The Wall Street Journal and the N.Y. Times both report today on the East Ramapo school district in Rockland County, where the school board is comprised entirely of Orthodox Jewish men who have “ripped the heart out of the academic program” in the public schools in order to pay the costs of transporting 24,000 children to yeshivas and and, also, to cover the costs of special education services in yeshivas, or Jewish day schools.

Sound familiar?

Taking N.J.’s lead, the State has appointed a fiscal monitor which, according to the Journal, amounts to “the strongest state intervention in a New York district in more than a decade.”
More from the Journal:
New York State Education Department officials have said in recent years that the district broke the law by placing too many Orthodox and Hasidic special-needs children in private religious schools at public expense. 
The district, which has a $211 million budget this academic year, has run serial deficits.
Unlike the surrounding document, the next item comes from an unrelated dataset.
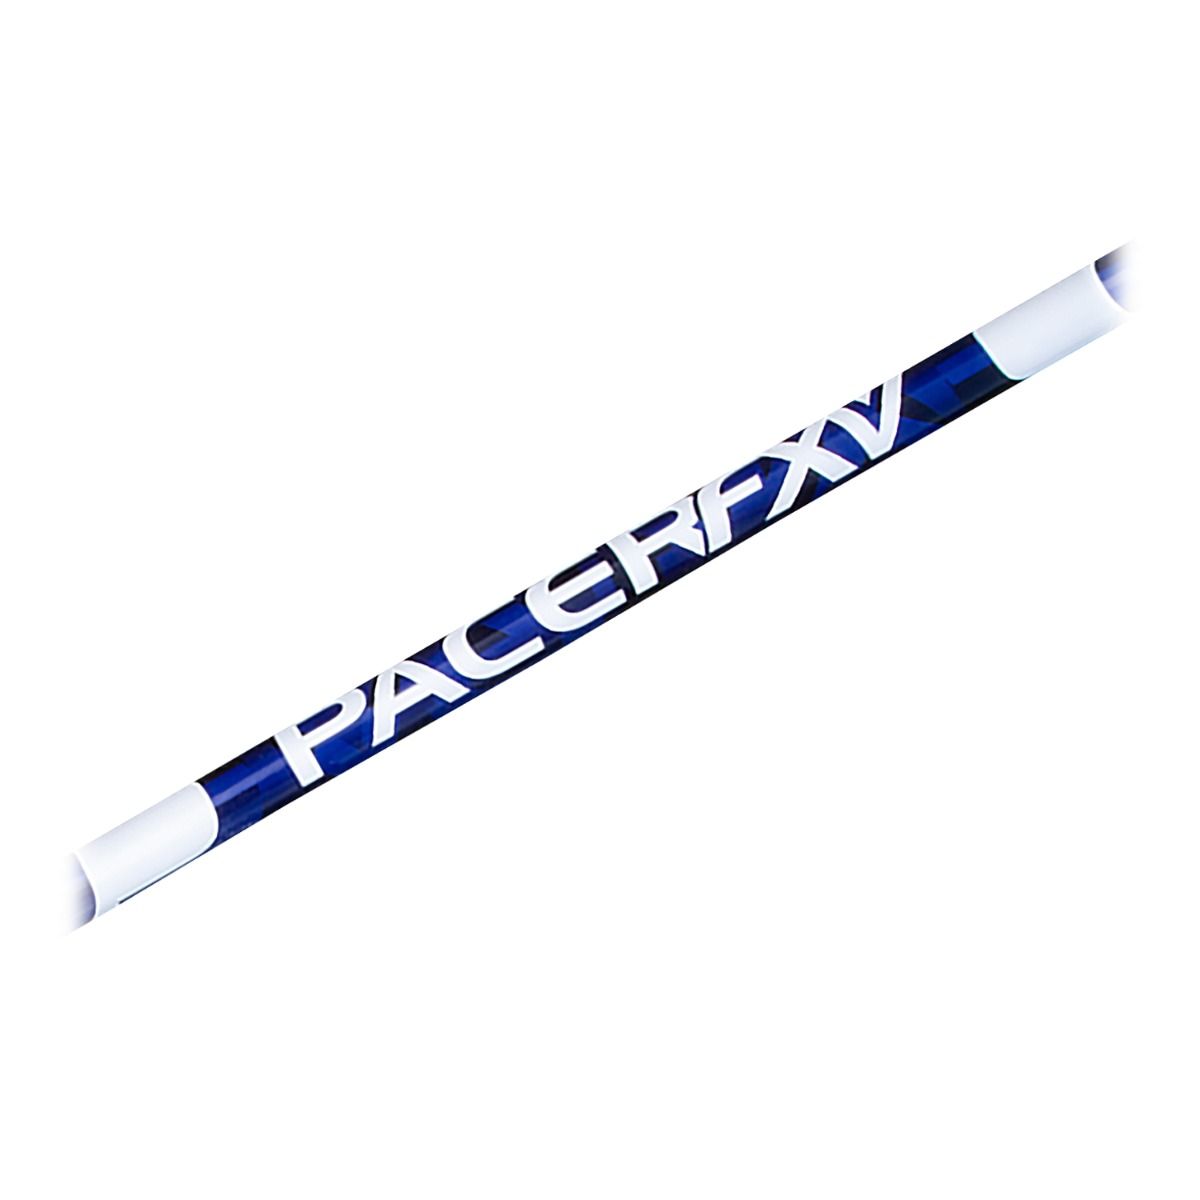 Gill PacerFXV 11' Vaulting Pole

Since 2009 the board made sharp reductions in public schools, such as cutting 400 teachers and other staff, slashing sports and arts and eliminating advanced courses, the report found. In the past, the board president blamed the cuts on the recession, property tax cap and the state-aid formula’s inability to meet his district’s unique needs. 
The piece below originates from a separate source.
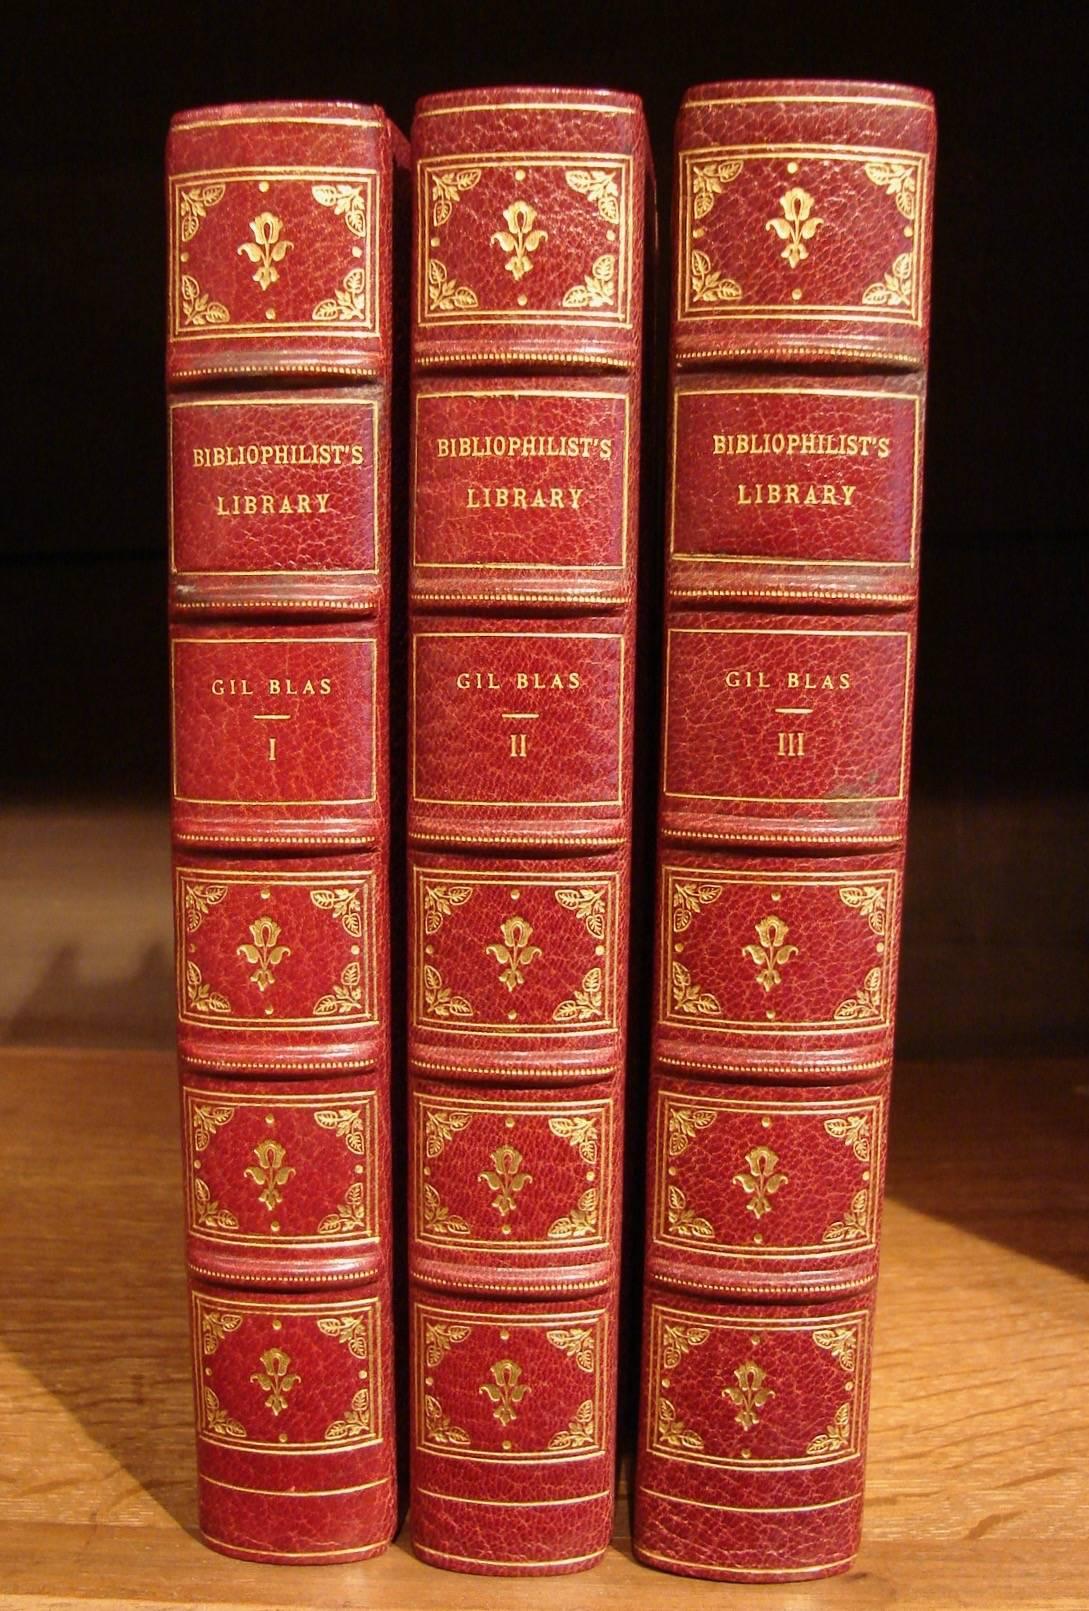 A beautiful set of 20 volumes titled The Bibliophilist's Library Second Series bound in 3/4 crushed red morocco leather containing various famous works of literature of the 18th and 19th centuries. Published on Japanese vellum paper by George

Mr. Greenberg said the board violated open public meetings laws by spending most of its sessions behind closed doors, and district officials frequently branded critics as anti-Semitic, exacerbating tensions between the private and public school families. He said seven out of nine board members represent the private school community.
Meanwhile, Lakewood remains, well,  Lakewood. In other words, a lot like East Ramapo. It is currently facing investigations into fiscal and ethical malfeasance by the ACLU, the NAACP, and the FBI while the almost entirely poor Hispanic enrollment gets by with bupkes.

More trivially, Lakewood's school board, controlled by the Orthodox Jewish community, continues to violate OPRA laws by failing to disseminate public meeting minutes within 30 days, although it’s better than it used to be. For example, the most recent meeting minutes available now is from this past August. On that agenda the board approved about sixty placements at a Jewish special education school called SCHI (School for Children with Hidden Intelligence).  Lakewood usually sends about 120 kids there a year, or the entire enrollment of the school, SCHI also happens to have one of the  highest tuitions in the state for private special education schools. The costs of those 60  placements, which don’t cover transportation or required summer programming, will cost Lakewood about $4,783,968, because each day’s tuition is $442.96.  Also, 21 of those students require a one-on-one aide, per diem $133.33, or another half a million dollars per year. But whose counting? (Hopefully, the fiscal monitor.)